И с еще большим энтузиазмом, приглашая жестами и меня к сему присоединиться:
- – Буду кушать плотно, жирно,
- Обленюся, как верблюд,
- И засну навеки мирно
- Между двух изящных...
– Блюд, – промямлил я, принужденный отгадать рифму.
Смех. Аплодисменты. Звон бокалов. Мы выпили за Петербургское общество гастрономов, так удачно воспетое Некрасовым в поэме «Современнки».
Закусывали. Сие исполнялось без шума. Библиофилы поглядывали на меня заговорщицки, словно ждали от меня каких-то ответных слов, быть может, поступка. Я молчал.
– Ну так, Олег Николаевич, ответьте мне, наконец, – не выдержала Зоя Константиновна, – почему же Некрасов, певец народного горя, с радостью посещал заседания Петербургского общества гастрономов?
Я продолжал молчать.
– Там все есть, в книжке, – подсказал мне Долмат Фомич, – в примечаниях. Помните, я вам книжку дал.
– Потому что, – за меня ответствовал до сих пор молчавший библиофил (то был казначей), – потому что, по словам Михайловского, там, цитирую, «можно, во-первых, действительно вкусно поесть; во-вторых, литератору нужно знать... и, в-третьих, это один из способов поддержать знакомство с разными нужными людьми». Так сам Некрасов говорил Михайловскому.
– Вам это ничего не напоминает? – спросила Зоя Константиновна.
– Напоминает.
– Что?
– Вас.
Не просто тишина воцарилась, но безмолвие. Вилки и ножи легли на тарелки.
– Ибо? – встал из-за стола Долмат Фомич.
– Ибо, – вырвалось из меня, – ибо вы и есть гастрономы!
Тут все встали. Стоя, мне аплодировали. Я тоже встал. Каждый подошел ко мне, обнял меня и поцеловал три раза. Каждый сказал: «Поздравляю».
А Зоя Константиновна сказала:
– Вы все поняли сами.
– Да, – произнес торжественно Долмат Фомич. – Мы и есть гастрономы. Мы Общество гастрономов. Это не значит, что мы не библиофилы, о нет. Мы все как один библиофилы. Но прежде всего мы Общество гастрономов. Это наша маленькая тайна, и вы с нами.
– А вот и салат, – объявил профессор Скворлыгин.
Из кухни везли салат на сервировочной тележке. С мадерой. Тот самый, рецепт которого я сдул с «Кулинарии» Всеволода Ивановича.
– Салат цикорий в соусе с мадерой! Ваша идея, воплощенная в жизнь!
Мне завязали глаза. Ударили по плечу половником.

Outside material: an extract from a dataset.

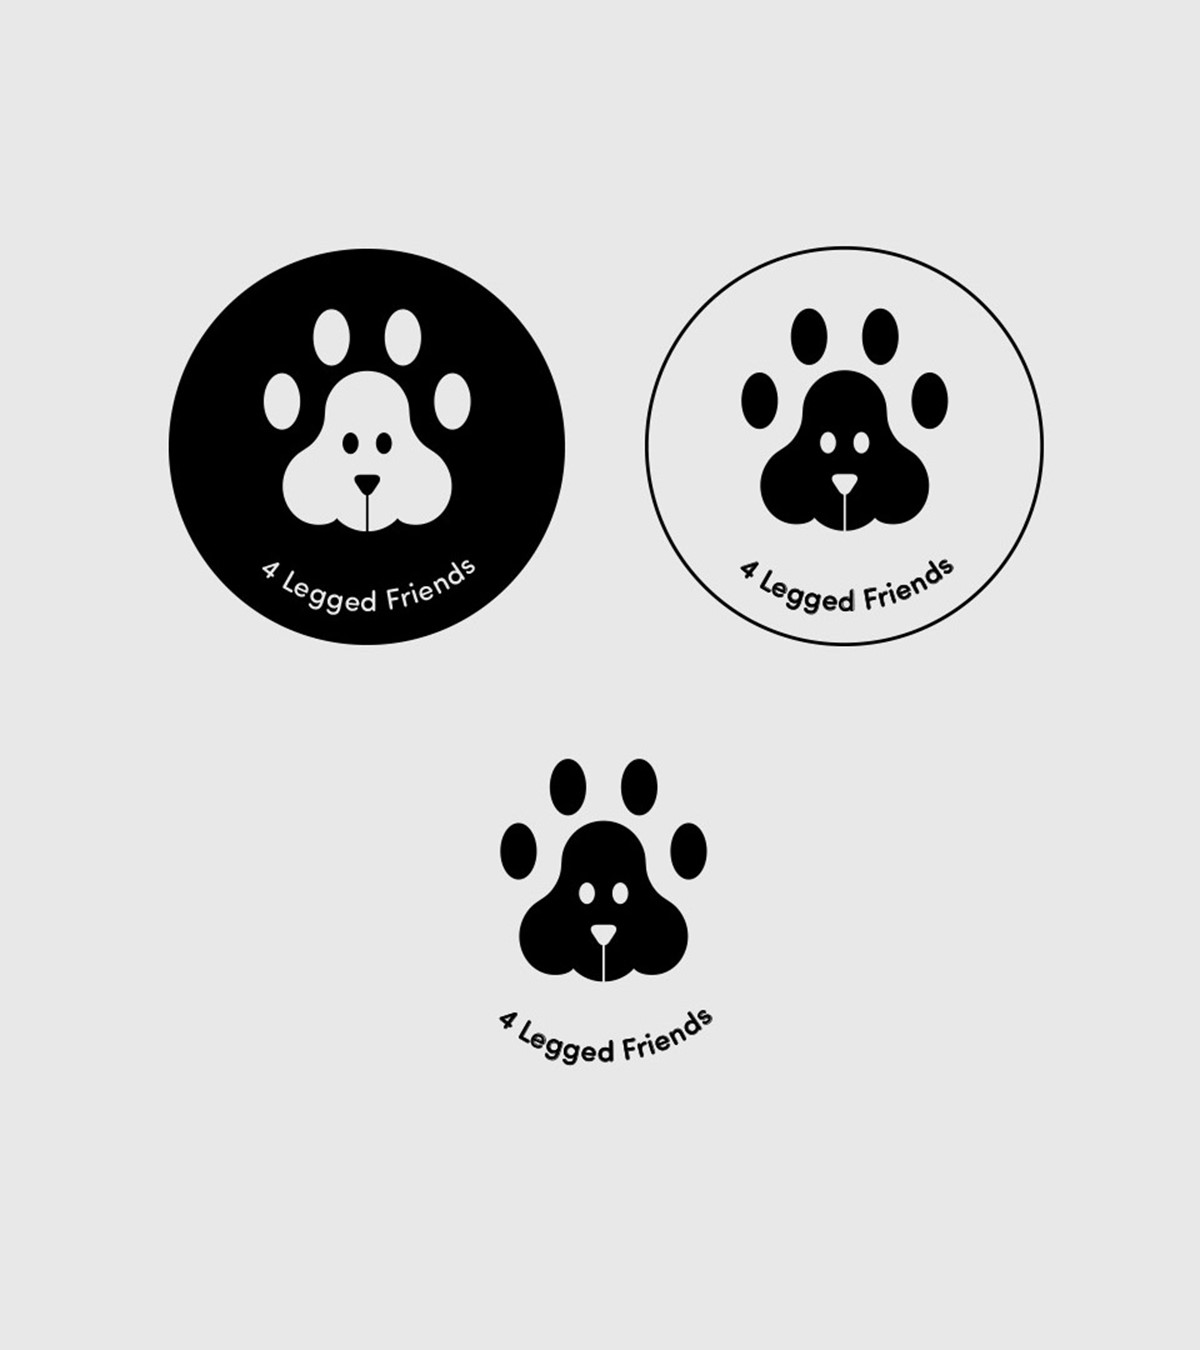 4 Legged Friends identity logo variations in black. Identity design by Superfried.

А где Юлия, думал я, ведь ее опять не было. Я опять ее потерял.
Глава седьмая
ПОСЕТИТЕЛЬ ОБЕДОВ
1
Итак, был октябрь. Похолодало. У выхода из метро еще продавались грибы. Прошли белые, красные, сыроежки прошли. Шли зеленухи. Власти попугивали радиацией, но торговцев грибами не трогали – это называлось поощрением частного предпринимательства. Разложенные по кучкам на газетах реформаторского направления (иные в киоски не поступали) зеленухи смущали народ своей подозрительной зеленоватостью. Народ переставал улыбаться. Народ охватила угрюмость. Общность ощущений испытывалась в очередях – всем ясно стало: стало как-то не так. Не так хорошо, как ждали некоторые оптимисты, хотя и не так плохо еще, как если бы хуже некуда. Хуже было куда. И главное – когда. Скоро. Завтра. Послезавтра. В ближайшие дни. Будет зима голодной. Будет зима холодной. Сушите грибы.

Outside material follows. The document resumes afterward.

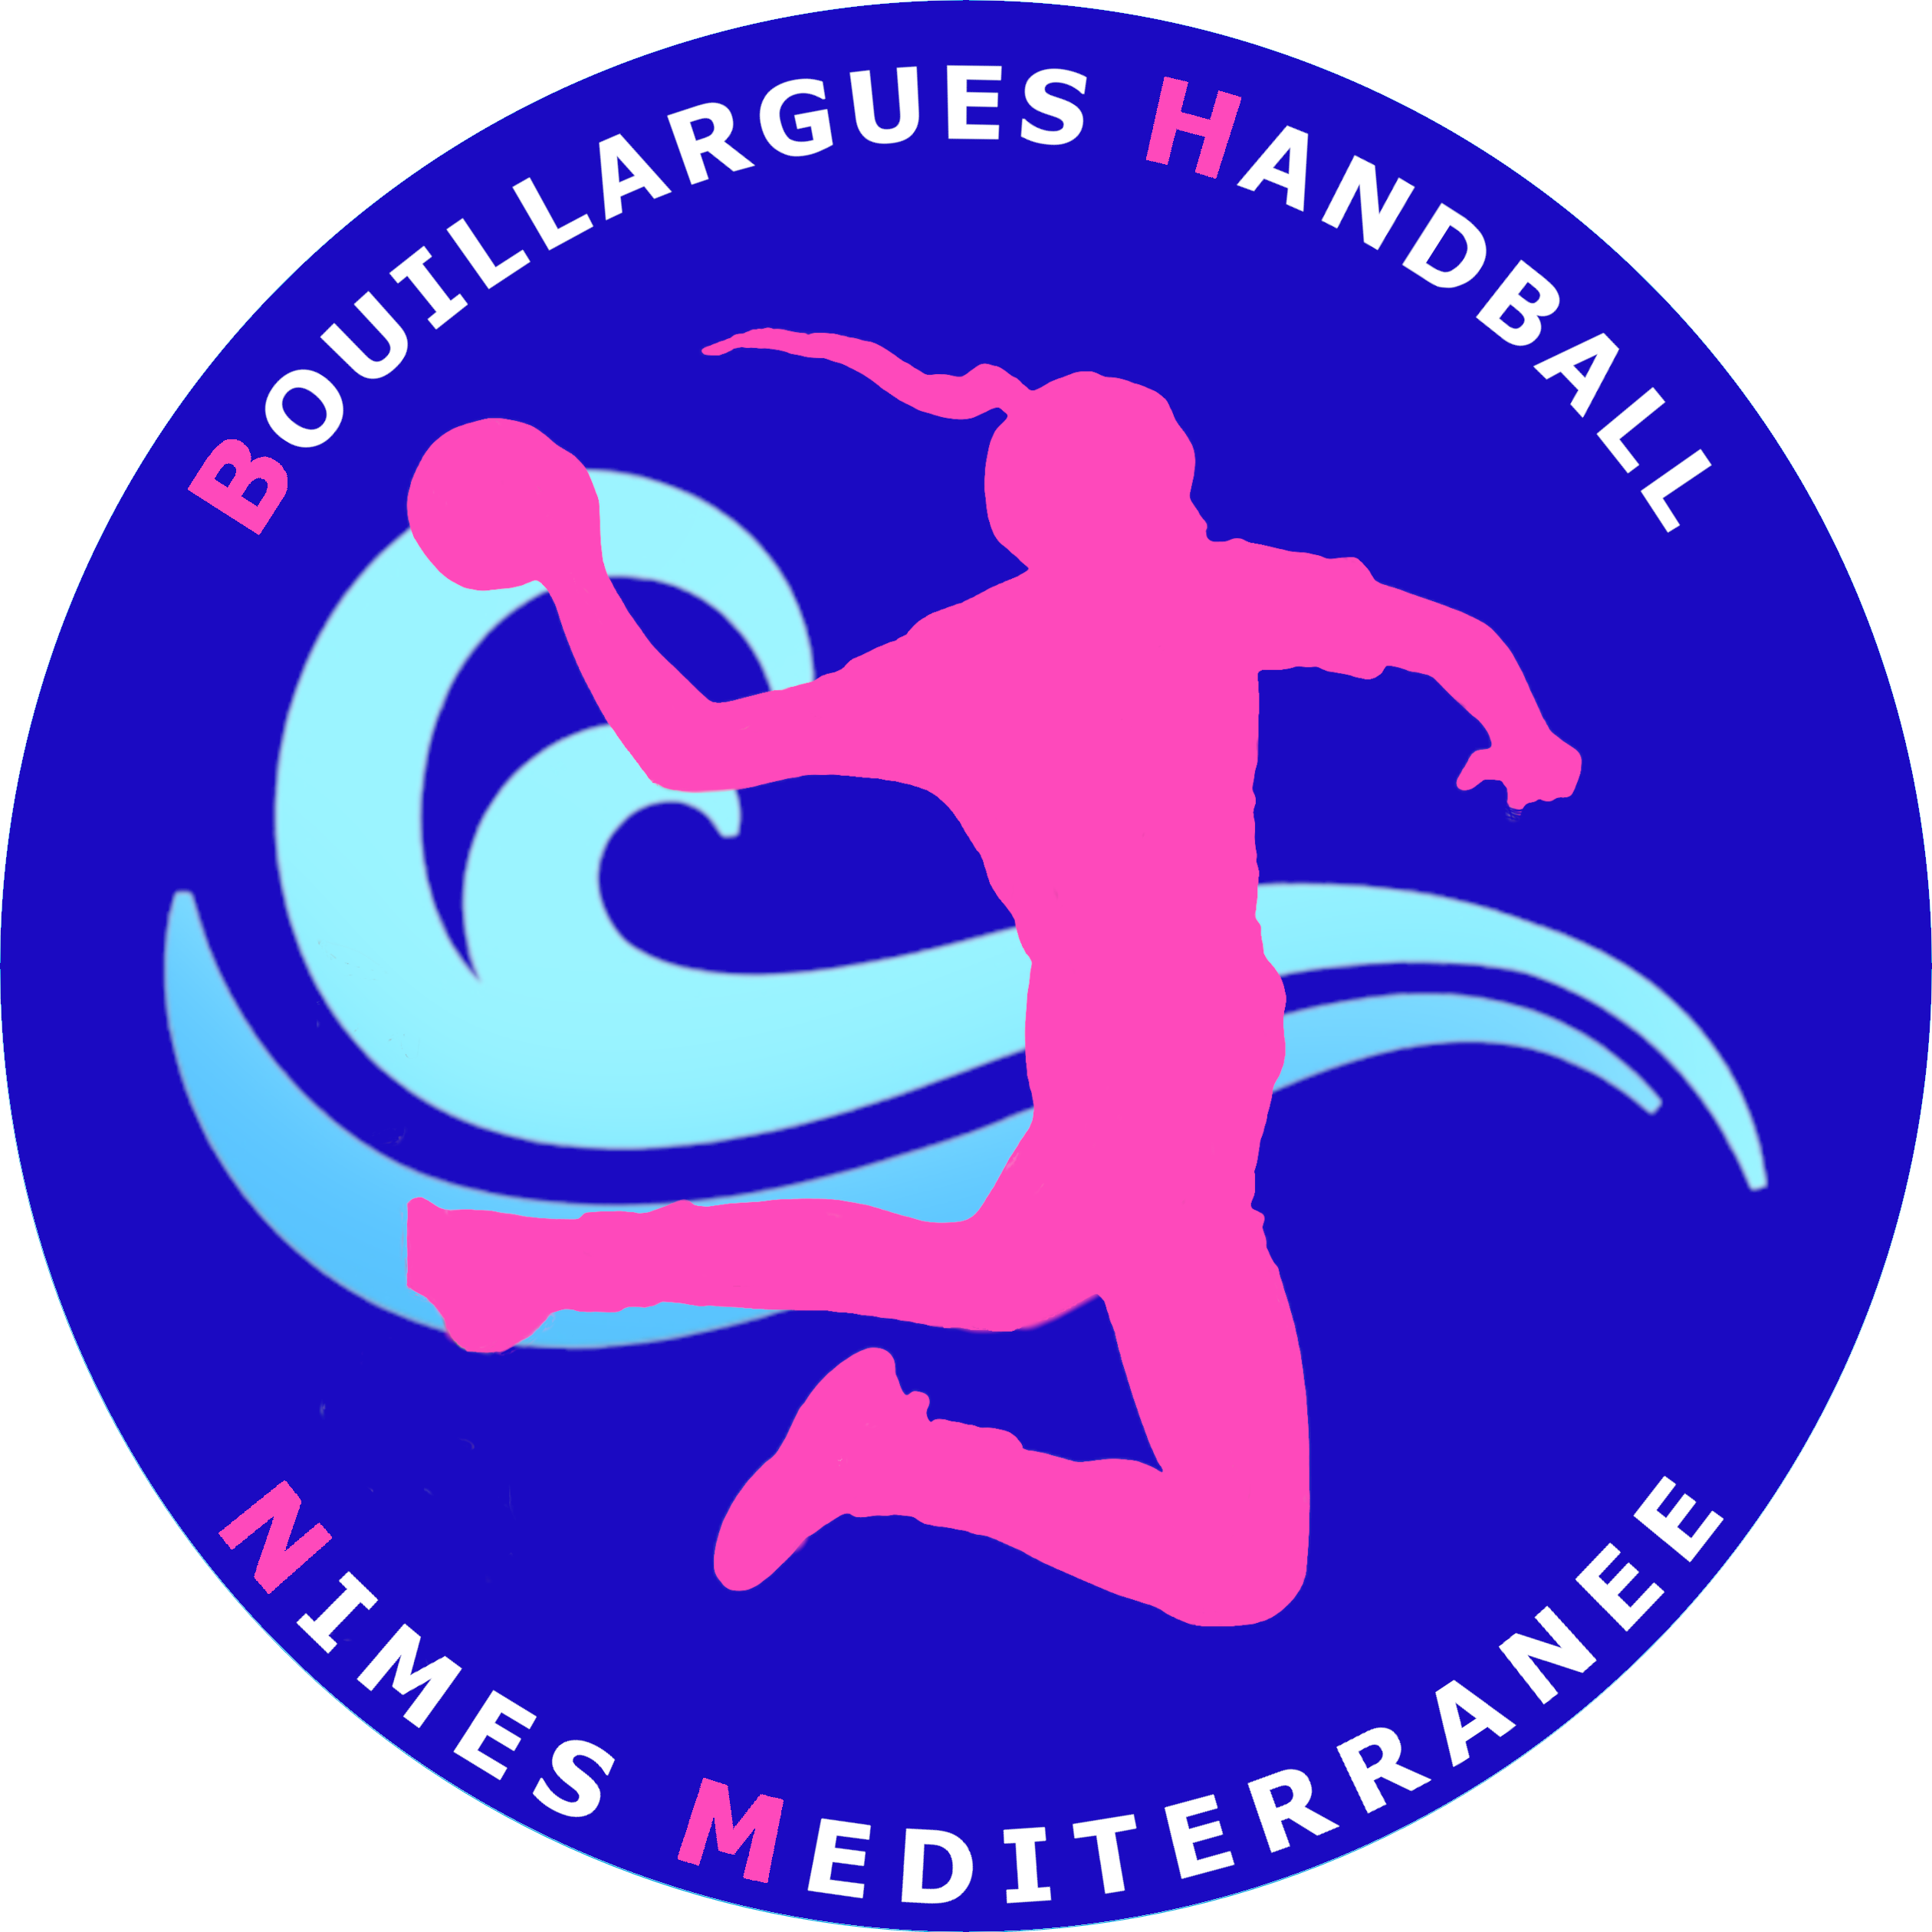 Bouillargues Handball Nîmes Méditerranée

Все возмущались талонами. Основной вопрос переходного времени звучал теперь до предела афористично: где отоварить талоны? Негодовали: почему нет сахара, если продлили на октябрь сентябрьские? Почему нет яиц, если обещан десяток на первый резервный? И нет колбасы, и нет, роптали, муки высшего сорта!
И вот совсем уж дурное предзнаменование. В октябре по булочным города прокатилась первая волна хлебного бума.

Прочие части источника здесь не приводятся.